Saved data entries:

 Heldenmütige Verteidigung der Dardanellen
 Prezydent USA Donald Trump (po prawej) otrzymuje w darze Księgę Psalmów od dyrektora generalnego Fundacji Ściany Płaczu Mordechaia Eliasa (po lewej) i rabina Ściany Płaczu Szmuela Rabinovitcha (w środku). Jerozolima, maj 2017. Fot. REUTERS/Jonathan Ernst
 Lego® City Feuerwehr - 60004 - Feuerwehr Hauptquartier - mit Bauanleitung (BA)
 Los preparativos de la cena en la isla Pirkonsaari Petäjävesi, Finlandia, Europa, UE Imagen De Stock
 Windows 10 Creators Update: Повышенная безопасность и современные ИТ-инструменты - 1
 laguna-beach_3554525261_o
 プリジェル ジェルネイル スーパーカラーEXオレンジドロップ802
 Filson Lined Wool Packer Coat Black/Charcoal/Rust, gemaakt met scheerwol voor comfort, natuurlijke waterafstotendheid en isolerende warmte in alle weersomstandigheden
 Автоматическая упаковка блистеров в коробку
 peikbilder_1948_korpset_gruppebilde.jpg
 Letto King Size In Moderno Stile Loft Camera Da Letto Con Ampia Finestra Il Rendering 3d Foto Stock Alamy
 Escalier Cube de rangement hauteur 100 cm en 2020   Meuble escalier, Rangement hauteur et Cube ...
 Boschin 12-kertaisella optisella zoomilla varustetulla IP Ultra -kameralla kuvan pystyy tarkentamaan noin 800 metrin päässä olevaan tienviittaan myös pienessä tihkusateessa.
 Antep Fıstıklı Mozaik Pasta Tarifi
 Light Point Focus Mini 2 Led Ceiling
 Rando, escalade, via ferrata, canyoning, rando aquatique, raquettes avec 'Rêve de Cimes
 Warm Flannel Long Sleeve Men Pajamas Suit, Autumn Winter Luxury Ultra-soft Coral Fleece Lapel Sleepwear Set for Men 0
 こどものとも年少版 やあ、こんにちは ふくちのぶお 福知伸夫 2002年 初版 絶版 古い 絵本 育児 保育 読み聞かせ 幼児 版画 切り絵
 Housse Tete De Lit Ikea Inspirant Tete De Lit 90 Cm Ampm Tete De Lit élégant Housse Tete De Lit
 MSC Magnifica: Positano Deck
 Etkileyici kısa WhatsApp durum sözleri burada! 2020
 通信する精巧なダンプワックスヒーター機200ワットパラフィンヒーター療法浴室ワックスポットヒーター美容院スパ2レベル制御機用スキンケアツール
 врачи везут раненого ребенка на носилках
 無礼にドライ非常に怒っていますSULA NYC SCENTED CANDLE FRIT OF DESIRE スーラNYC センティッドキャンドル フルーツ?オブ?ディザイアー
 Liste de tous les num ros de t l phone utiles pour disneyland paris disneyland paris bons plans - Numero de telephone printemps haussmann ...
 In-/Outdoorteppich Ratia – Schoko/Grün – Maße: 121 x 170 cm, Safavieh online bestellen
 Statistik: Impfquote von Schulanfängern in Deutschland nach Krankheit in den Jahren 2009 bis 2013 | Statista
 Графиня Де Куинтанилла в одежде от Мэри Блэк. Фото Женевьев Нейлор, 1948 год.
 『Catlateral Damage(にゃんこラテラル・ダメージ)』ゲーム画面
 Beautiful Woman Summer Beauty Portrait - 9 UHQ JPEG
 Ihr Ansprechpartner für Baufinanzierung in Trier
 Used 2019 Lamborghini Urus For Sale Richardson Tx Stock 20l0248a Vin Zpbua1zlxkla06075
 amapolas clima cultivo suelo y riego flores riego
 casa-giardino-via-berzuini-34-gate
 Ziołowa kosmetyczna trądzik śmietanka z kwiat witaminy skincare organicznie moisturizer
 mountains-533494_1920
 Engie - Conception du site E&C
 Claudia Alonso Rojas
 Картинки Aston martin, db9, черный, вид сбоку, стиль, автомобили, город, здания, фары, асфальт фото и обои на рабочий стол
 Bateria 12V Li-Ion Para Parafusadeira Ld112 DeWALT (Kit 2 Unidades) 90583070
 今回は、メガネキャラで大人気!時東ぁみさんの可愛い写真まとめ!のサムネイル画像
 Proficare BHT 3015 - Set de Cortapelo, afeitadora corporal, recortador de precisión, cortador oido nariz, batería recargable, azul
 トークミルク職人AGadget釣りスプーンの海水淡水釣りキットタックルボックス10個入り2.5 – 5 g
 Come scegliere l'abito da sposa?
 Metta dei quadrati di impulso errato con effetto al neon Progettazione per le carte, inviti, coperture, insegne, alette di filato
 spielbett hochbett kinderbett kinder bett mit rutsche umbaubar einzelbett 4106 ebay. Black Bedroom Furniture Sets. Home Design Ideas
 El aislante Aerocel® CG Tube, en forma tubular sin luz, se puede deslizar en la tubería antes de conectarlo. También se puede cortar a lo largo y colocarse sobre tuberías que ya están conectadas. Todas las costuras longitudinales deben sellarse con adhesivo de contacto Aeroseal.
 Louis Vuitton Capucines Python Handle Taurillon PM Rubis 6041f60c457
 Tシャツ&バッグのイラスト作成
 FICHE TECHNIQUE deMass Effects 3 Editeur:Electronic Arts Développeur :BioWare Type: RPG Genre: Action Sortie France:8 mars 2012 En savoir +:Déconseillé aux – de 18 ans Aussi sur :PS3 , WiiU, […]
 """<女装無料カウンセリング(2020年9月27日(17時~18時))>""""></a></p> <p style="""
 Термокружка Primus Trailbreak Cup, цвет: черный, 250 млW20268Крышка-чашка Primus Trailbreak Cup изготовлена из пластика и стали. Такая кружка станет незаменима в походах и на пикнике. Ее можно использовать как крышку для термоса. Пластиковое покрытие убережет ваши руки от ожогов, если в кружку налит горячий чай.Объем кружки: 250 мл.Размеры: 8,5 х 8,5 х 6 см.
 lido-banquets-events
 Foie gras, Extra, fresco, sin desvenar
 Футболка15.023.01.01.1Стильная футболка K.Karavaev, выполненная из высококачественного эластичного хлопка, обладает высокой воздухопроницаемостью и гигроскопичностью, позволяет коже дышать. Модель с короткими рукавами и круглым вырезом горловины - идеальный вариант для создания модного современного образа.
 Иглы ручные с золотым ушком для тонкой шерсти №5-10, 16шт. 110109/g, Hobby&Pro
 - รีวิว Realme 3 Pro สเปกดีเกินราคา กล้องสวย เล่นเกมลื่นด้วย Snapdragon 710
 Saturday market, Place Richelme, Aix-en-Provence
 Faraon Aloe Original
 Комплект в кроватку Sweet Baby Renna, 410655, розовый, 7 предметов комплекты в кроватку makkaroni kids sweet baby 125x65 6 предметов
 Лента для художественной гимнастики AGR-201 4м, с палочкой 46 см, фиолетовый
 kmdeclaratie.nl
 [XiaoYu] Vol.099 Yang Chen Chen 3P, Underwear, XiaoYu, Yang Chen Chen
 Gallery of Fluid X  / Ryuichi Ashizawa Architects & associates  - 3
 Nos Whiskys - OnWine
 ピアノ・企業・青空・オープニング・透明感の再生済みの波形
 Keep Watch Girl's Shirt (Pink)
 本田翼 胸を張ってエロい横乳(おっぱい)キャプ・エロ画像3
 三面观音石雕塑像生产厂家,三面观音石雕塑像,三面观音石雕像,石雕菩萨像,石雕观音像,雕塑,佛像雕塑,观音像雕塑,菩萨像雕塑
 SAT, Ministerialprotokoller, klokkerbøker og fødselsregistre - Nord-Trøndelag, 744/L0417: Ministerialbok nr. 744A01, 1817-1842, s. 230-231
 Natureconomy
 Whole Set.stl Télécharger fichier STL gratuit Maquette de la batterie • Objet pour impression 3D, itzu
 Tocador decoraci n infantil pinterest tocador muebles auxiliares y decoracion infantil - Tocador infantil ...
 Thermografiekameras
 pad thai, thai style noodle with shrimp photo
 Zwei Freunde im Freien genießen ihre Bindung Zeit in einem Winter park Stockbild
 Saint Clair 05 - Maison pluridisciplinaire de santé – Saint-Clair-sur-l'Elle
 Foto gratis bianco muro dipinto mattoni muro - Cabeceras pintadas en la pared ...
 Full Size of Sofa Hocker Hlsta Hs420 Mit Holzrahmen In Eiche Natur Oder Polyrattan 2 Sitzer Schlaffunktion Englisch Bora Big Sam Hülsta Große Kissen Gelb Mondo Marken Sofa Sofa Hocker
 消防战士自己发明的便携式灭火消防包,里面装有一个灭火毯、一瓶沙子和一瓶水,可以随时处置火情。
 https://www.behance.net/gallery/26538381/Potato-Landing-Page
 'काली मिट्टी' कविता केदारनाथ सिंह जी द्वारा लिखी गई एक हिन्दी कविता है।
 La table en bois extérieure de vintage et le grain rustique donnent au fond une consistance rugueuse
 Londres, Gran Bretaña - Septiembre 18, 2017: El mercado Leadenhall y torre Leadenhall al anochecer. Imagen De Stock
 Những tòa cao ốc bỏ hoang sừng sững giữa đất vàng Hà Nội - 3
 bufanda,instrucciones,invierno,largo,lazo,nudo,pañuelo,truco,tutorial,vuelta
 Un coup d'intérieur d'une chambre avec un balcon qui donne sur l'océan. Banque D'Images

Work instruction:
From the entries above, return exactly the line containing "Ihr Ansprechpartner für", the line containing "El aislante Aerocel®", and all lines between, and nothing else.

Output of the task:
 Ihr Ansprechpartner für Baufinanzierung in Trier
 Used 2019 Lamborghini Urus For Sale Richardson Tx Stock 20l0248a Vin Zpbua1zlxkla06075
 amapolas clima cultivo suelo y riego flores riego
 casa-giardino-via-berzuini-34-gate
 Ziołowa kosmetyczna trądzik śmietanka z kwiat witaminy skincare organicznie moisturizer
 mountains-533494_1920
 Engie - Conception du site E&C
 Claudia Alonso Rojas
 Картинки Aston martin, db9, черный, вид сбоку, стиль, автомобили, город, здания, фары, асфальт фото и обои на рабочий стол
 Bateria 12V Li-Ion Para Parafusadeira Ld112 DeWALT (Kit 2 Unidades) 90583070
 今回は、メガネキャラで大人気!時東ぁみさんの可愛い写真まとめ!のサムネイル画像
 Proficare BHT 3015 - Set de Cortapelo, afeitadora corporal, recortador de precisión, cortador oido nariz, batería recargable, azul
 トークミルク職人AGadget釣りスプーンの海水淡水釣りキットタックルボックス10個入り2.5 – 5 g
 Come scegliere l'abito da sposa?
 Metta dei quadrati di impulso errato con effetto al neon Progettazione per le carte, inviti, coperture, insegne, alette di filato
 spielbett hochbett kinderbett kinder bett mit rutsche umbaubar einzelbett 4106 ebay. Black Bedroom Furniture Sets. Home Design Ideas
 El aislante Aerocel® CG Tube, en forma tubular sin luz, se puede deslizar en la tubería antes de conectarlo. También se puede cortar a lo largo y colocarse sobre tuberías que ya están conectadas. Todas las costuras longitudinales deben sellarse con adhesivo de contacto Aeroseal.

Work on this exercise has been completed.